Es gab mal eine Situation, in der es zickte: es schaltete sich aus und wieder an und wieder aus und wieder an und dabei wurde es auch relativ warm. Das passierte ein paar Mal, dann war wieder gut. Nicht weiter schlimm, da hatte ich schon von übleren Bugs gehört. Ich hatte weiterhin ein funktionierendes Handy.
Natürlich war das Handy auch im Urlaub dabei. Musste es auch; da waren ja die Tickets und so drauf. Ein große Mappe an Reiseunterlagen im Westentaschenformat. Hinflug klappte schon mal ganz gut mit dem Online Ticket, Podcasts liefen auch hoch oben über den Wolken (im Flugmodus natürlich), es wurden wunderschöne Fotos gemacht und die sozialen Medien mit Angeberpostings zugepflastert. Alles wunderbar. Auch den zweiten (in der Pampa irgendwo am Fluss) und dritten (eine Wohnung, nur ein paar Ecken vom Meer entfernt) Teil der Reise war das Handy ein multimedialer Fels in der Brandung. Dann kam die Reise in die große Stadt, mit Auto abgeben am Flughafen und Fahrt mit der Metro in die Innenstadt. Da ging das Drama los: das Handy hatte erst keinen gescheiten Empfang - das allerdings in der Metrostation. Das kann schon mal passieren. Was allerdings auch wieder passierte waren die Ein-Ausschaltexzesse. Auch das wäre verkraftbar gewesen, hätte es wieder aufgehört wie beim ersten Mal. Es hörte allerdings nicht auf. Das Handy ging aus, startete neu, wurde von mir freigeschaltet, blieb ein oder zwei Minuten aktiv, dann ging es wieder aus und startete neu. Das hätte ich ewig so wiederholen können, ist aber eher langweilig. Das Internet sprach davon, das Handy mal im "Fastboot"-Modus zu starten. Hab ich gemacht, hat aber nicht geholfen. Es kamen dann auch irgendwann Fehlermeldungen, die darauf hinwiesen, dass etwas nicht stimmt (hatte ich schon vermutet) und ob ich nicht das Ding auf die Werkseinstellungen zurücksetzen möchte. Wollte ich nicht - aus vielerlei Gründen.
Zum Glück hatte ich mein "Laufhandy" dabei - das ist das Vorgängerhandy (vier Modellversionen älter) des nun kaputten Handys und auch zum Glück hatte ich hierfür letztens eine SIM-Karte besorgt, damit ich um Hilfe telefonieren könnte, wenn ich mal im Wald umfalle. Ja, ich bin so alt, dass ich mir darüber Gedanken mache.
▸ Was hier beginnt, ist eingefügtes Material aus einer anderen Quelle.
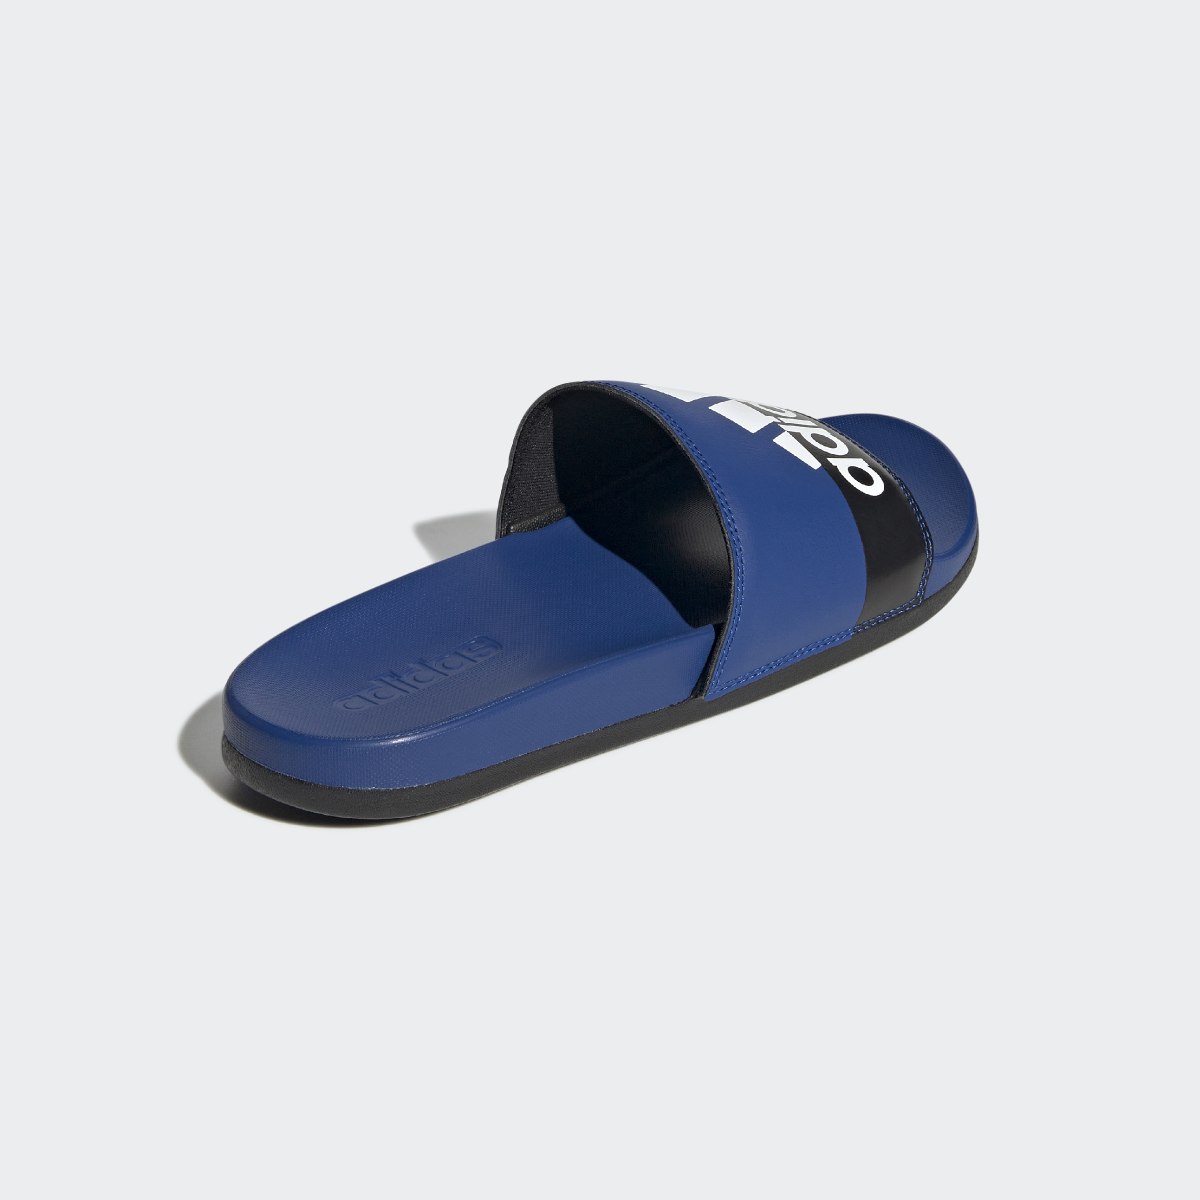 Adidas Adilette Comfort Sandals. 6

Somit hatte ich also ein funktionierendes Handy und Cloud sei Dank waren auch alle wichtigen Unterlagen darauf verfügbar. Der Resturlaub war somit gerettet - das Leben danach allerdings nicht. Für einige Belange ist das Laufhandy einfach zu alt. Es ist super, um Spotify und ein Notfalltelefon bei einer Laufrunde dabeizuhaben, aber ansonsten merkt man ihm die Jahre an. Es musste also ein neues Handy her und wie der Zufall es wollte, gab es ein Angebot beim Elektrodiscounter: man bekam die Mehrwertsteuer erlassen. Das ist bei einem Handy ein ganzer Batzen Geld. Die Aktion lief am Montag aus, am Samstag davor ging mein Handy in den Streik. Perfekt Timing. Die Website (und die App) des Elektrodiscounters legten mir nochmal Steine in den Weg (naja, es war auch meine eigene Blödheit im Spiel), aber Montag Abend war es dann geschehen: ein neues Handy ward bestellt und zwar mehr oder weniger zu dem Preis, den ich damals bei der Rückrufaktion (ohne Rückruf, stattdessen mit Geld zurück) bekommen hatte. Wunder geschehen. Lieferung so um den Dreh, wenn ich wieder in der Heimat sein würde, also noch Zeit, es einzurichten. Da fügte sich alles ineinander, das hatte so sein sollen, es war Schicksal.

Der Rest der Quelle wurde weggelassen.